Like so many people, I so wanted Pounder to be that return to the late 80s and early 90s style of sonic thrash, but it’s actually not. For a start, the production is pretty lame and I sort of feel sorry for the combo as they charge through the usual murk. John Connelly is still spewing out that distinctive, almost restrained dry rasp, but I just hate songs where the lyrics naïvely try to evoke memories of times past. Forget it guys, just move on and blast us into oblivion rather than conform to trend, because as tracks go ‘Pounder’ is a rather run-of-the-mill thrash outcry which gallops relentlessly but does nothing to really get its hooks into you, suggesting the band has lost its barbs in favour of a rather half-arsed, through-the-motions feel. Or maybe that’s just me craving something I know I just cannot have anymore? Nevertheless, ‘Pounder’, as a track and an EP, is rather unremarkable.

‘The Blind Follow (a.k.a. Lies)’ follows as a mid-tempo chugger.

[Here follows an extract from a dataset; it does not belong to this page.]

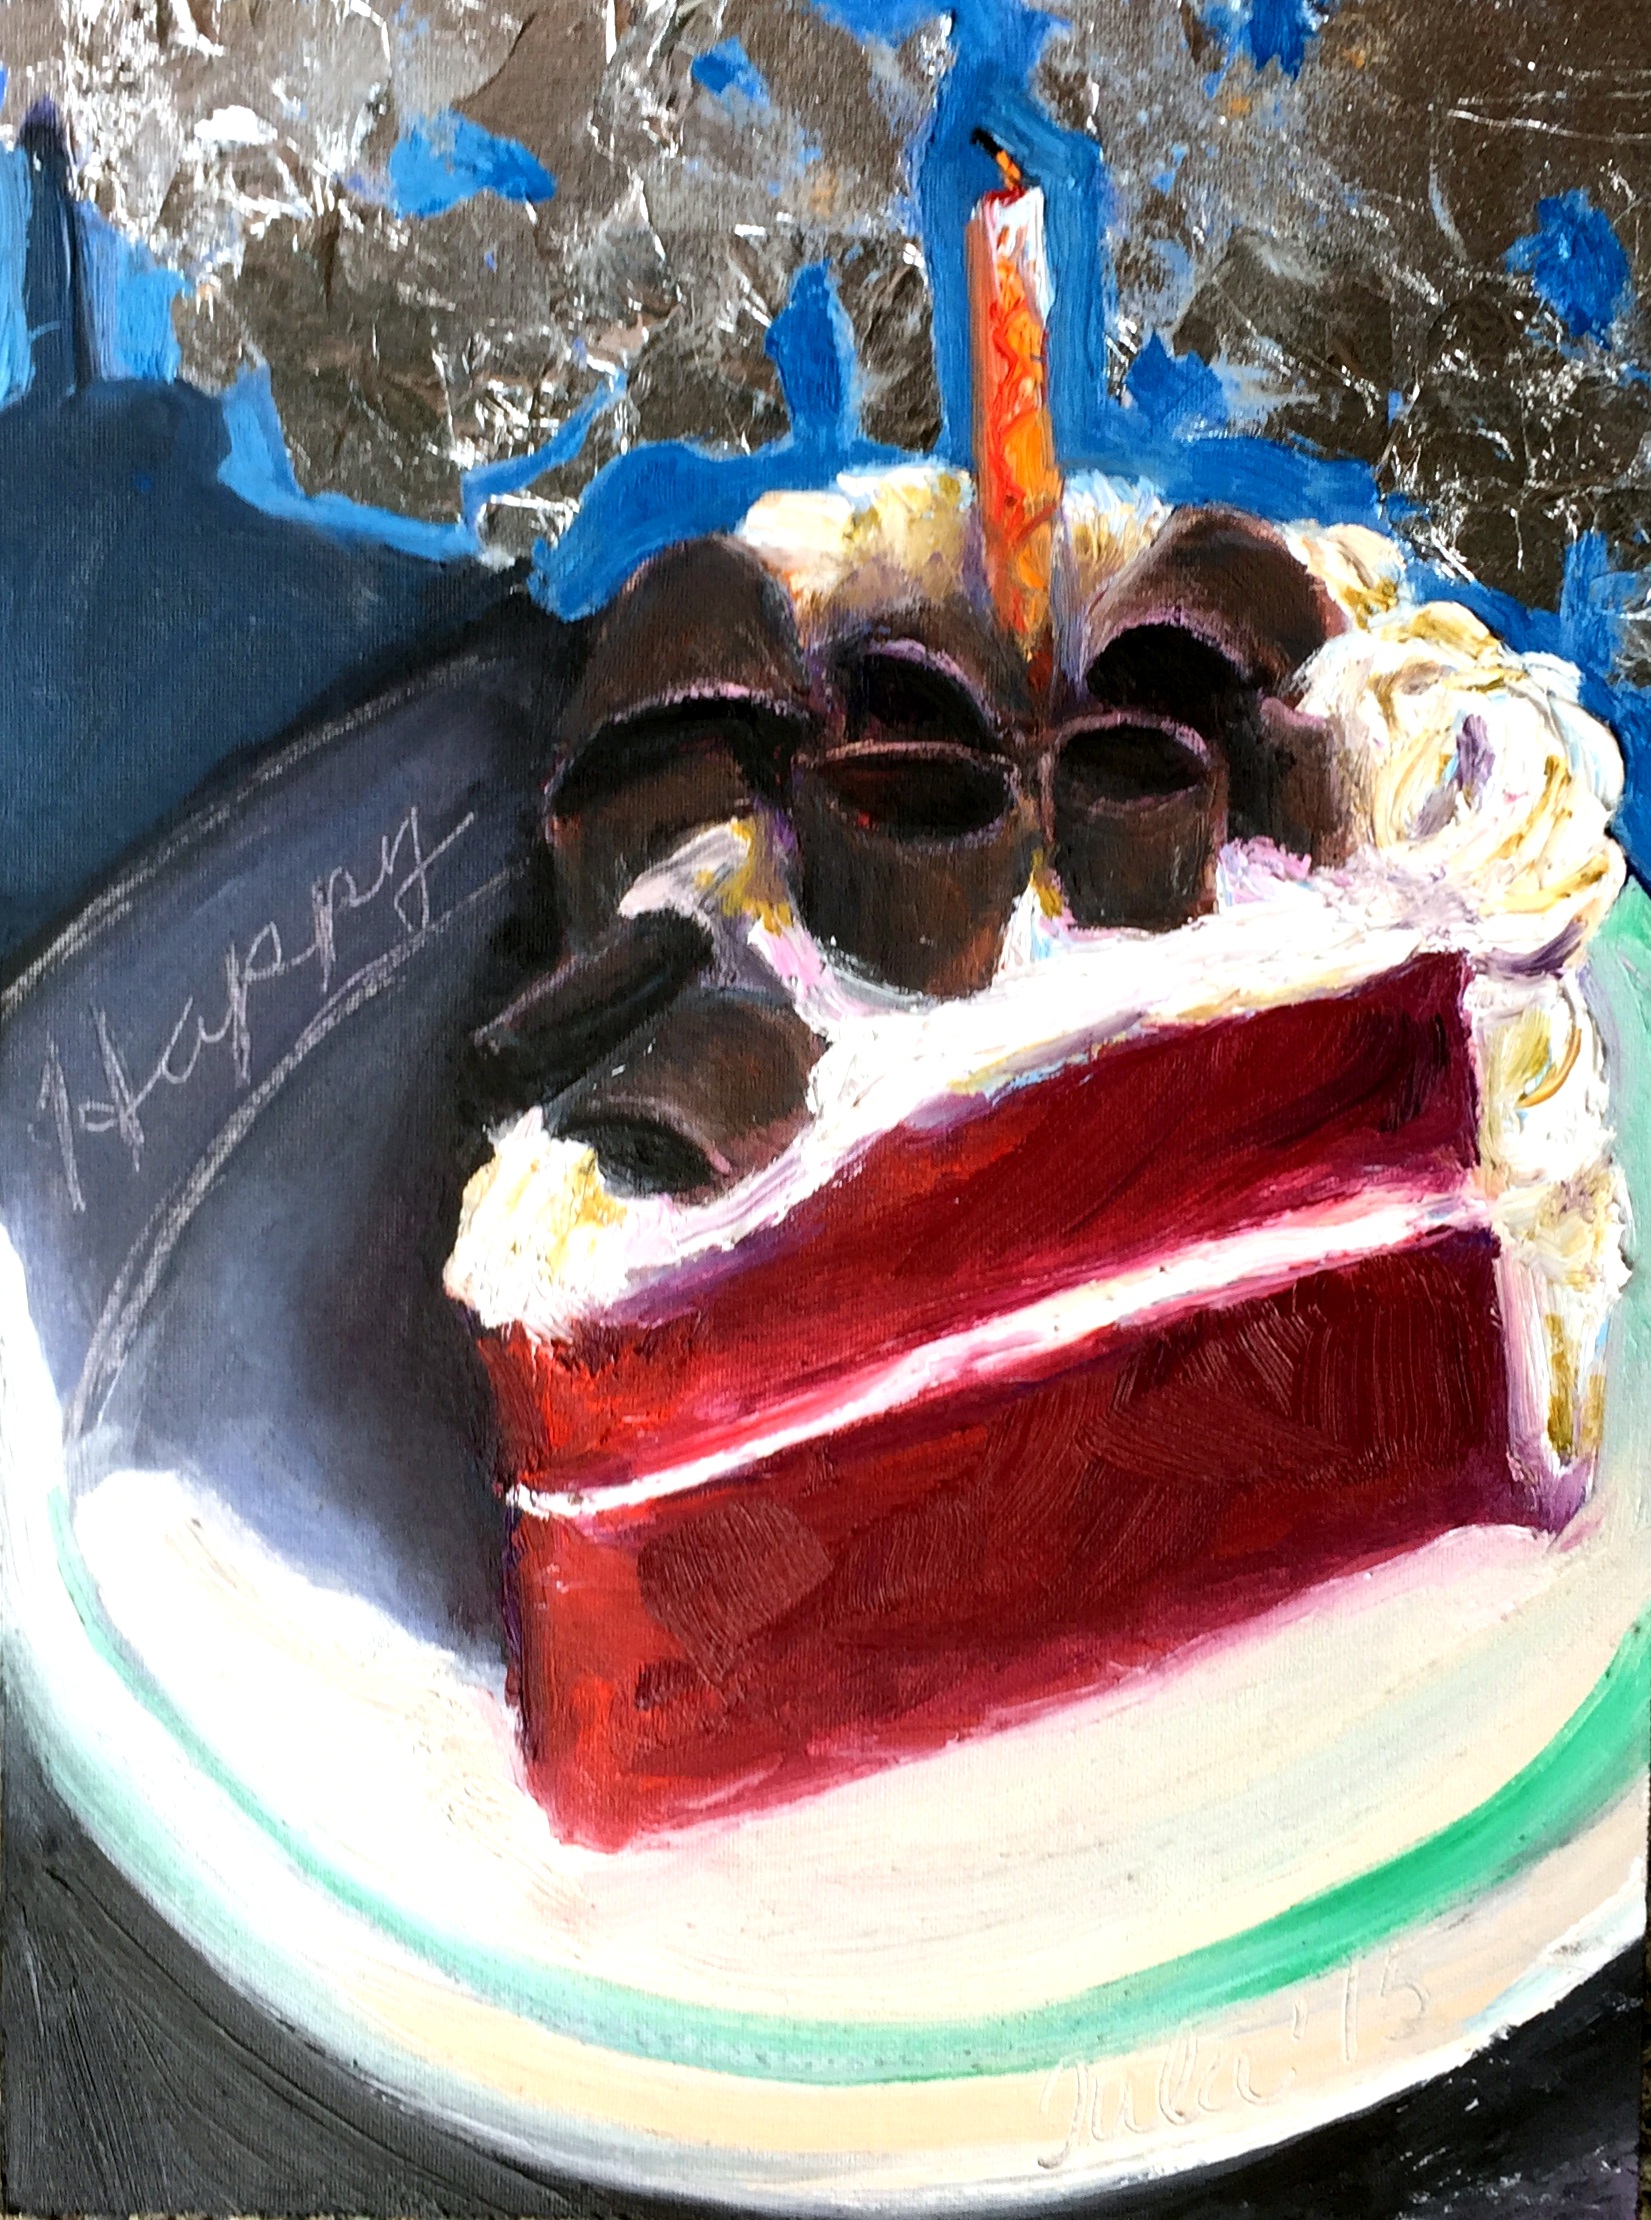 Red Velvet Cake- Copyright 2015

It does what you’d expect from Nuclear Assault, the quartet hinting at the ferocity of those early EPs, but there’s also that sense of the band just putting out something in support of a tour – Connelly (vocals / guitar), Dan Lilker (bass), Glenn Evans (drums) and Erik Burke (guitar) lacking that conviction of decades gone by. ‘Lies’ is probably my favourite track of the four on offer however, bringing some nice chugging and gang-chants, but it’s still rather formulaic thrash metal.

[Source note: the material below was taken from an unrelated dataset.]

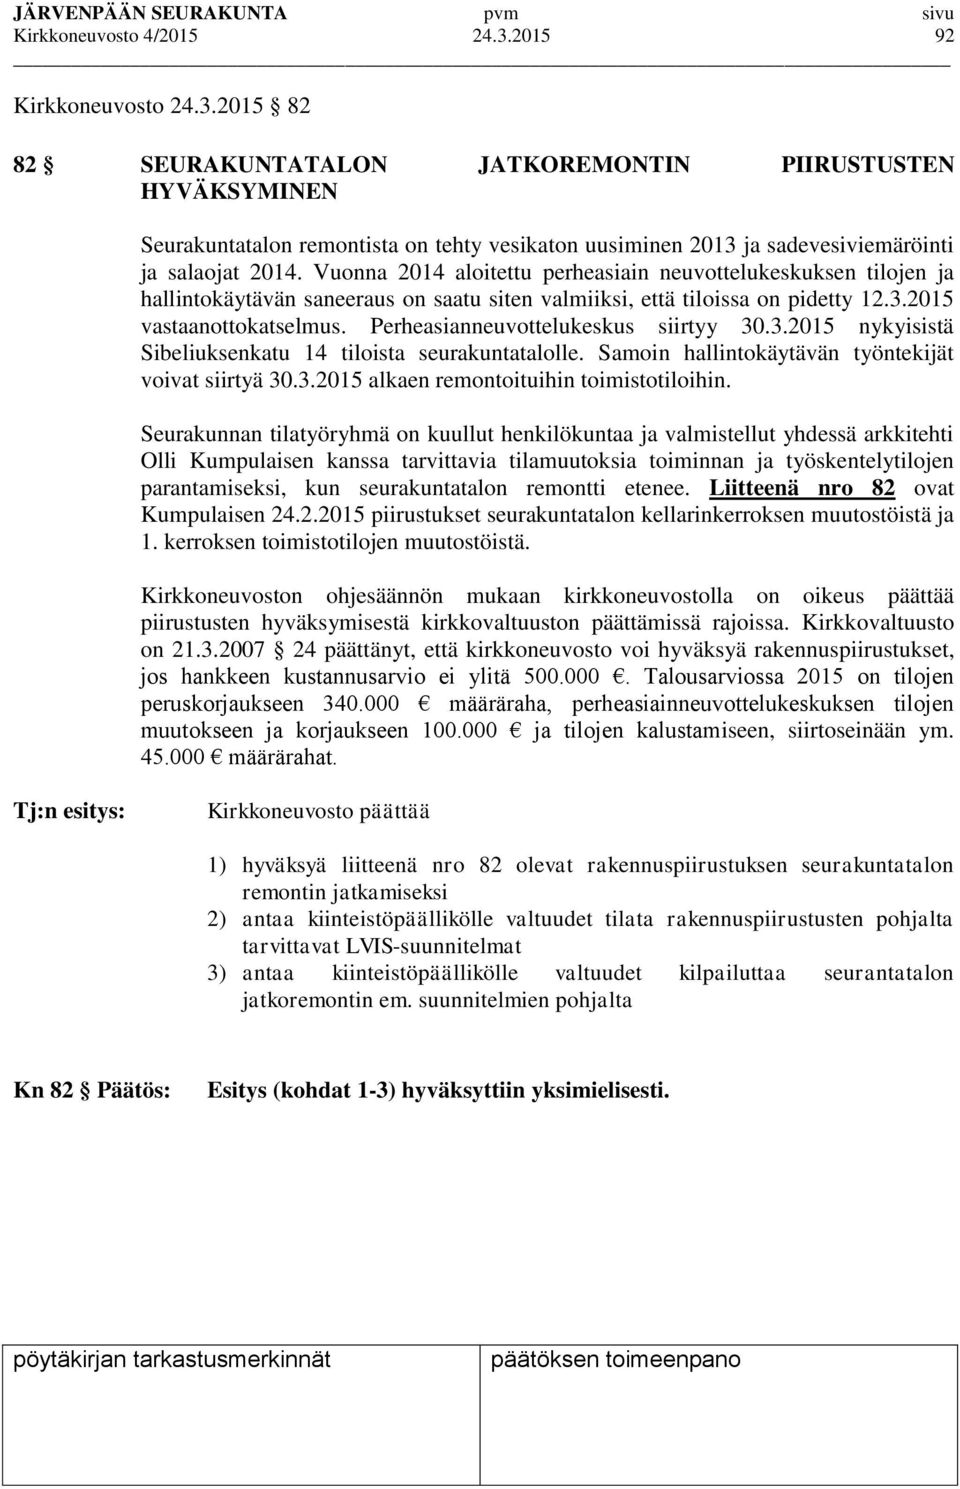 Perheasianneuvottelukeskus siirtyy 30.3.2015 nykyisistä Sibeliuksenkatu 14 tiloista seurakuntatalolle. Samoin hallintokäytävän työntekijät voivat siirtyä 30.3.2015 alkaen remontoituihin toimistotiloihin.

Next up is the brief stint known as ‘Analogue Man In A Digital World’ (I know the feeling guys!); it’s a brisk catchy number which is over in a flash, but does make its mark, even if does sound like an inferior take on D.R.I.

The last cut on offer is the slightly unusual ‘Died In Your Arms’, which begins with an accessible crunch with hissing cymbals and Lilker’s juddering bass, but Connelly’s vocals do leave a lot to be desired – his watery tones hinting at Dead Kennedy’s Jello Biafra before finally giving away to his more recognisable rasp. However, it is Nuclear Assault showing diversity and range. ‘Died In Your Arms’ is probably the most memorable moment on the record, but it’s not the sort of EP that’ll have me running rampant through the streets as old Nuclear Assault did.

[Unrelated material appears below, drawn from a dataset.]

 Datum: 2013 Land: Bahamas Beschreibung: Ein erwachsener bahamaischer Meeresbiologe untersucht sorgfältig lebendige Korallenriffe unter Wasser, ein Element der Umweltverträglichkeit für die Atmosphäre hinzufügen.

Now, I don’t know if this is the last stand of New York City’s finest thrashers in terms of recorded material, but as a parting shot it’s certainly an improvement on Third World Genocide (then again, it couldn’t have been any worse!), although it is not the encore I would have hoped for. The 80s heyday of these guys now seems a long distant memory… I just wish I could have had my ears pounded for one last time.